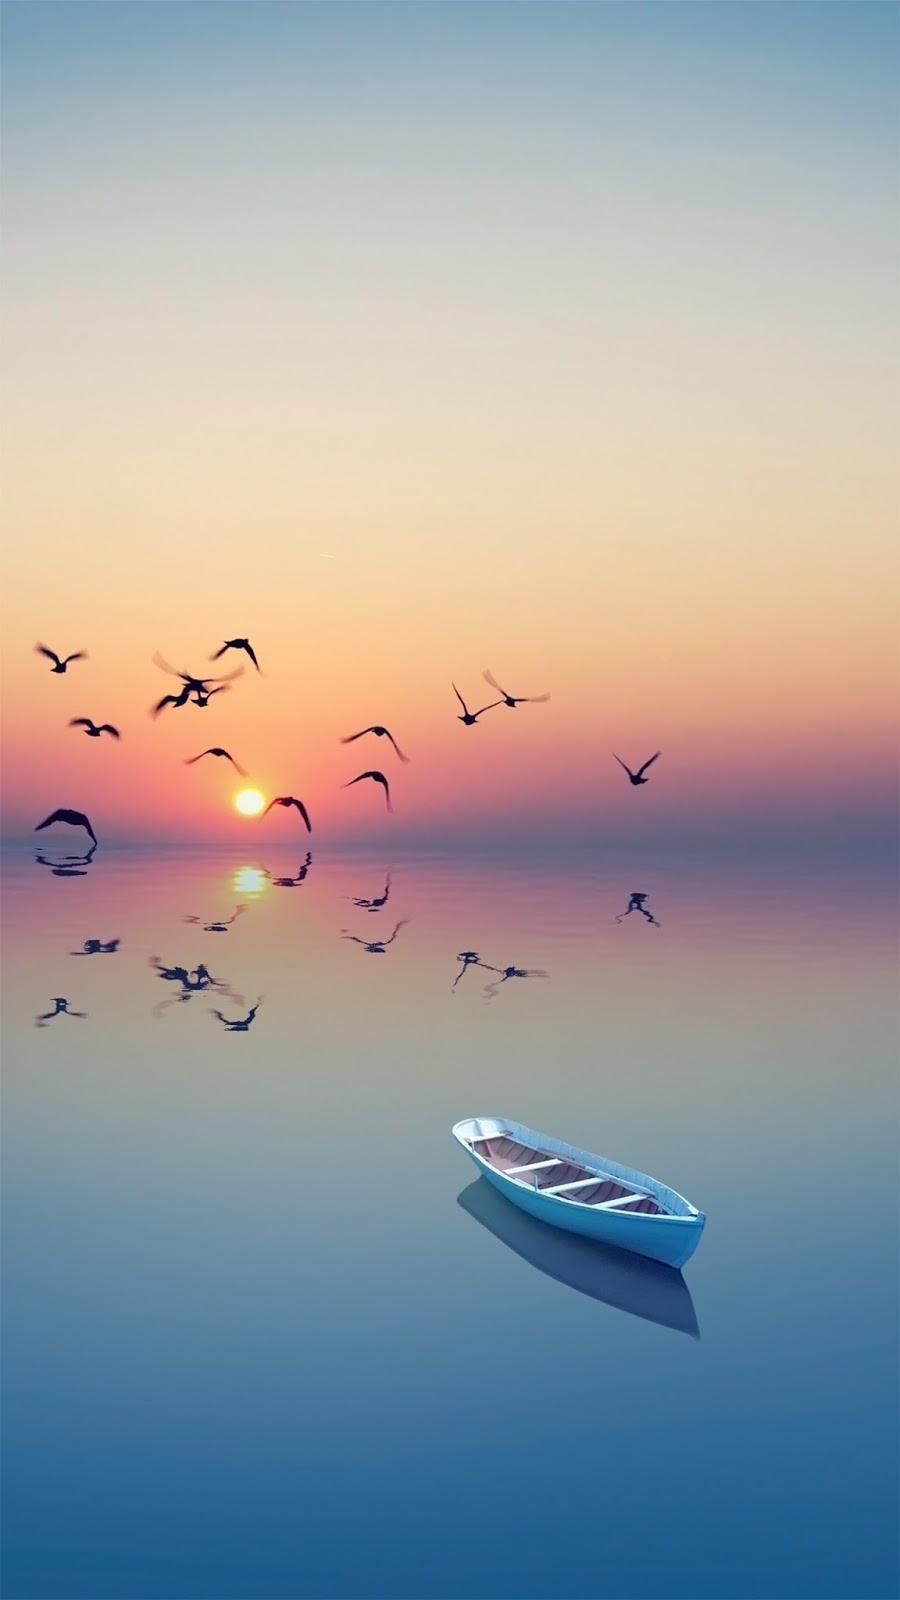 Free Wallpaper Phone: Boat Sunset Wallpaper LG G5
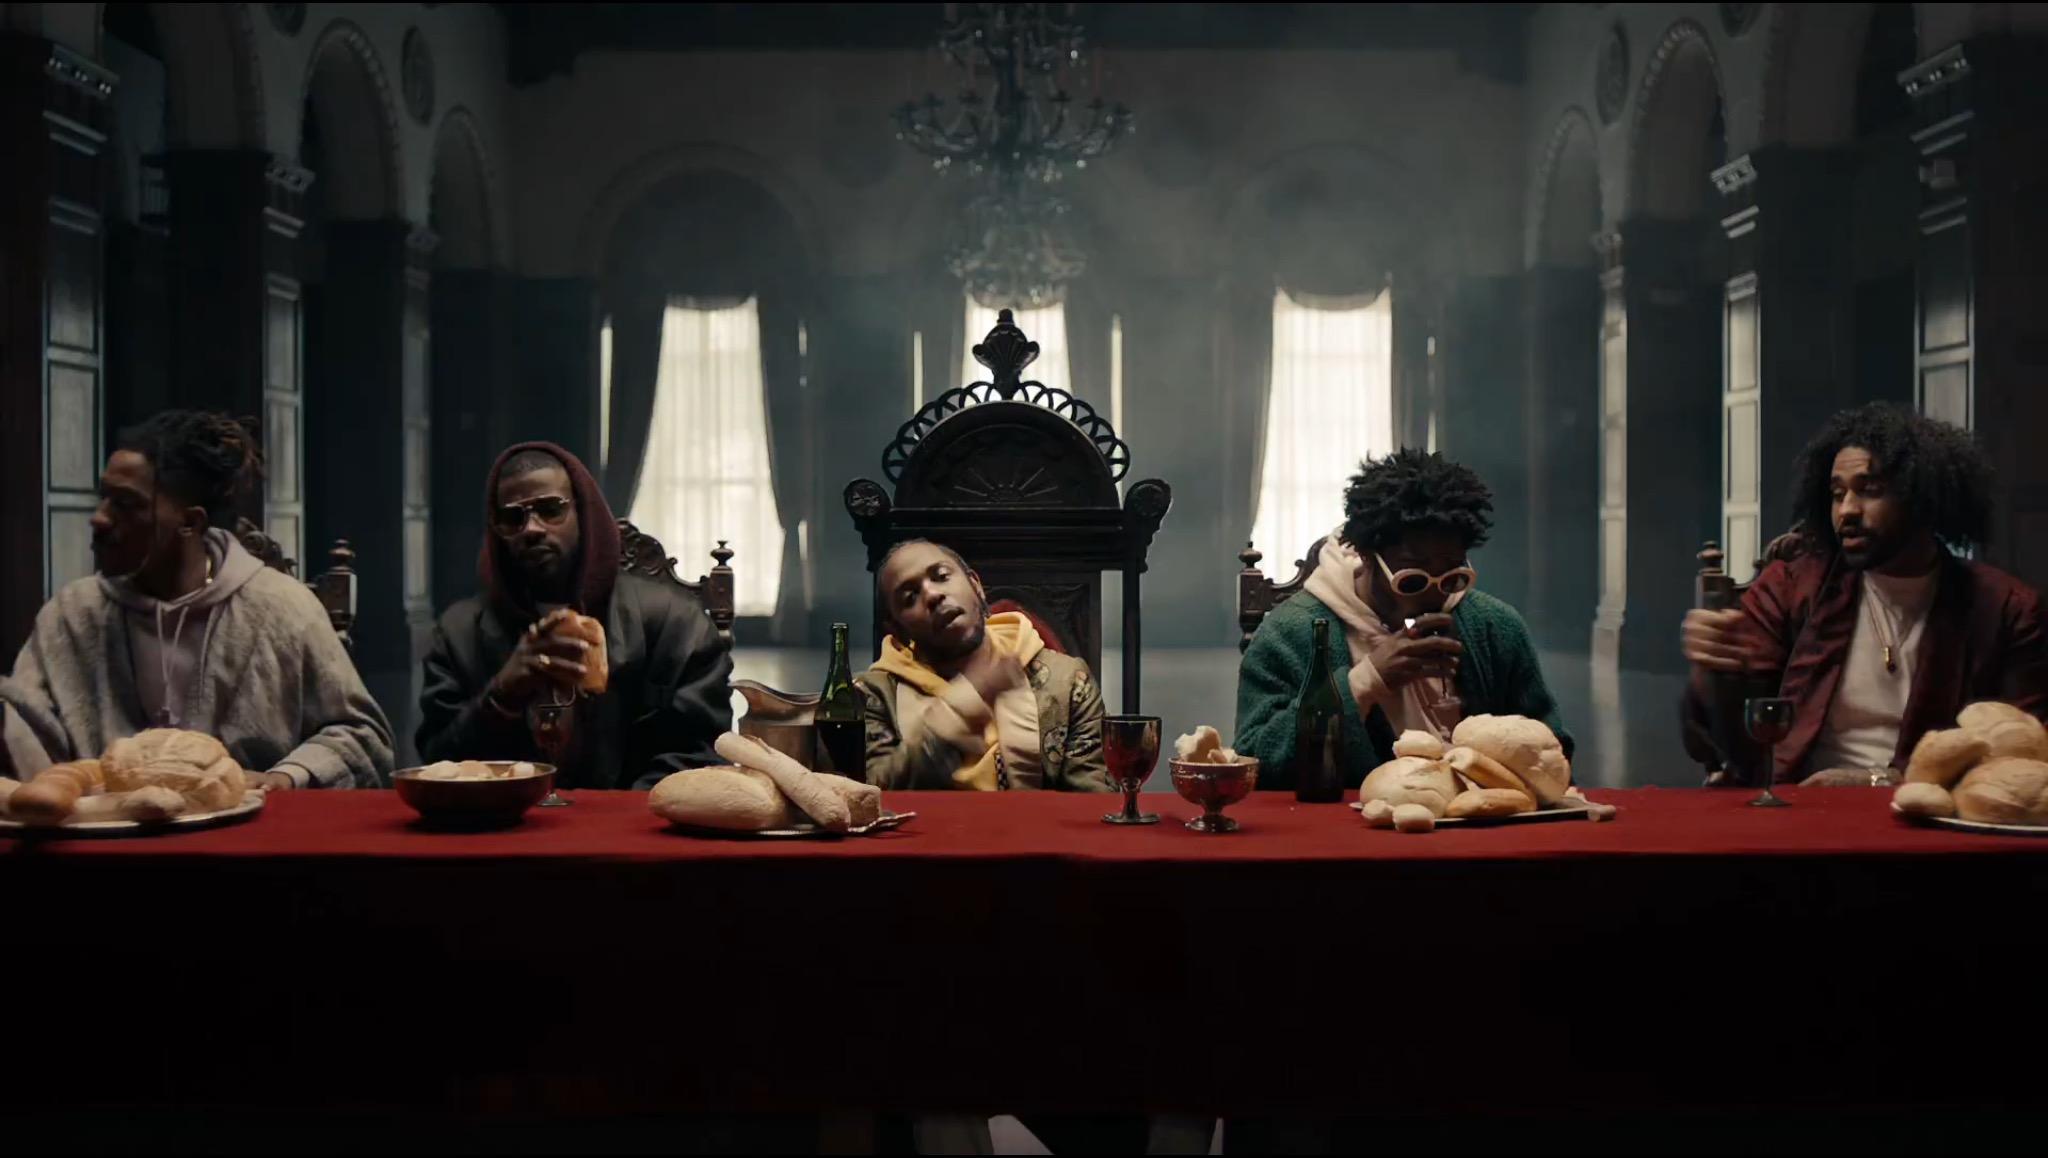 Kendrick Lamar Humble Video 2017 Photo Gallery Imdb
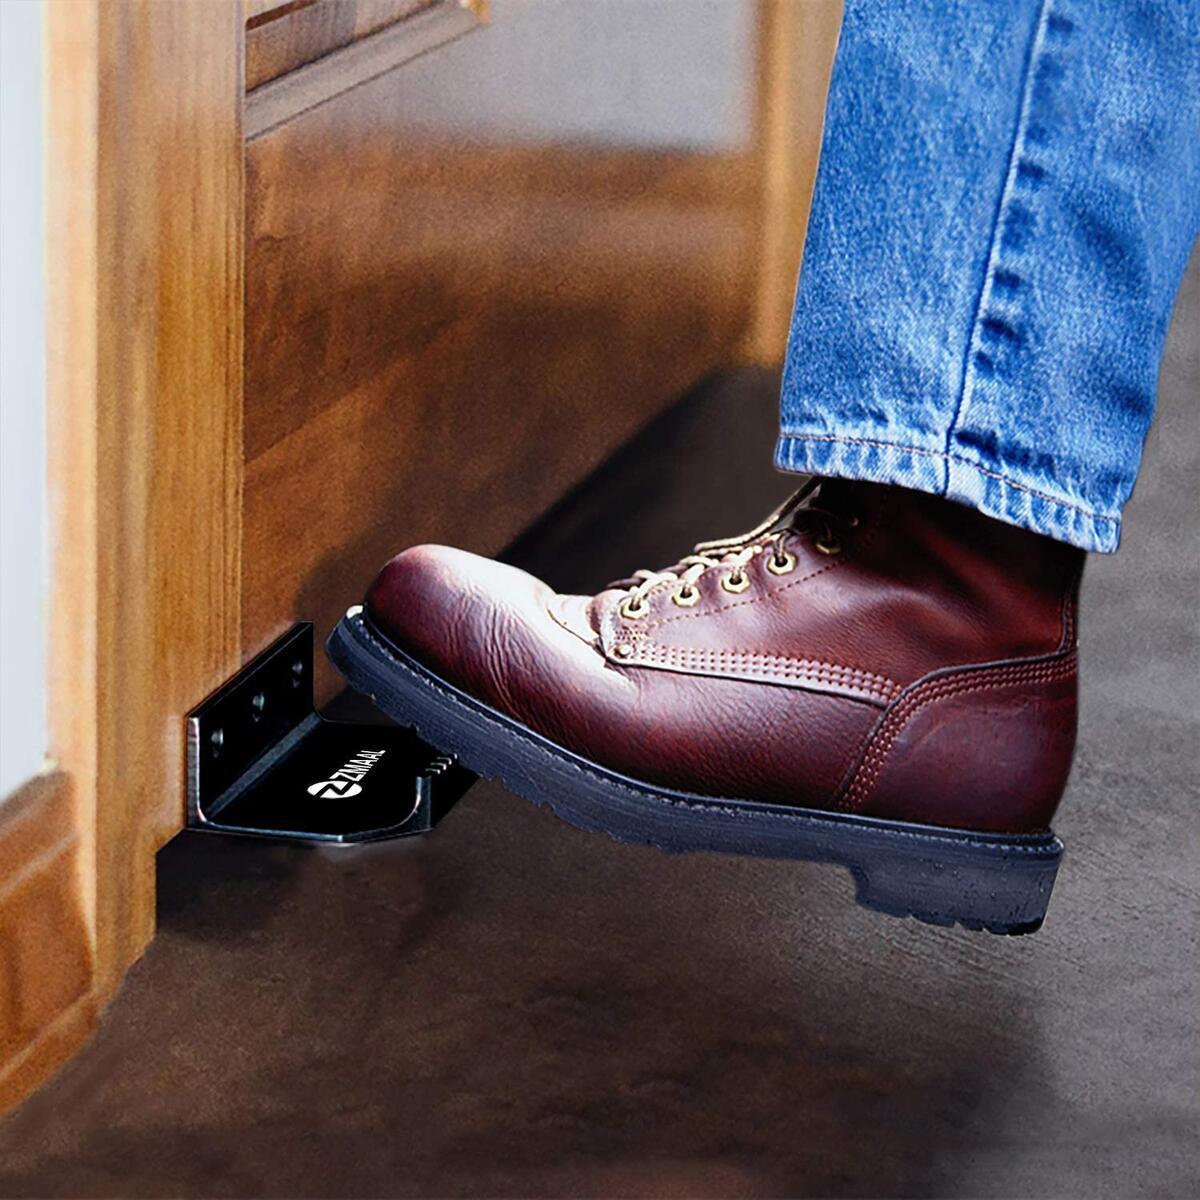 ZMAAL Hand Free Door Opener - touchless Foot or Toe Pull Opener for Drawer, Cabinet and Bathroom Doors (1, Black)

________________

→ Problem description
Please give back the data above word for word, with no pictures included.

→ Result for this task
 Free Wallpaper Phone: Boat Sunset Wallpaper LG G5
 Kendrick Lamar Humble Video 2017 Photo Gallery Imdb
 ZMAAL Hand Free Door Opener - touchless Foot or Toe Pull Opener for Drawer, Cabinet and Bathroom Doors (1, Black)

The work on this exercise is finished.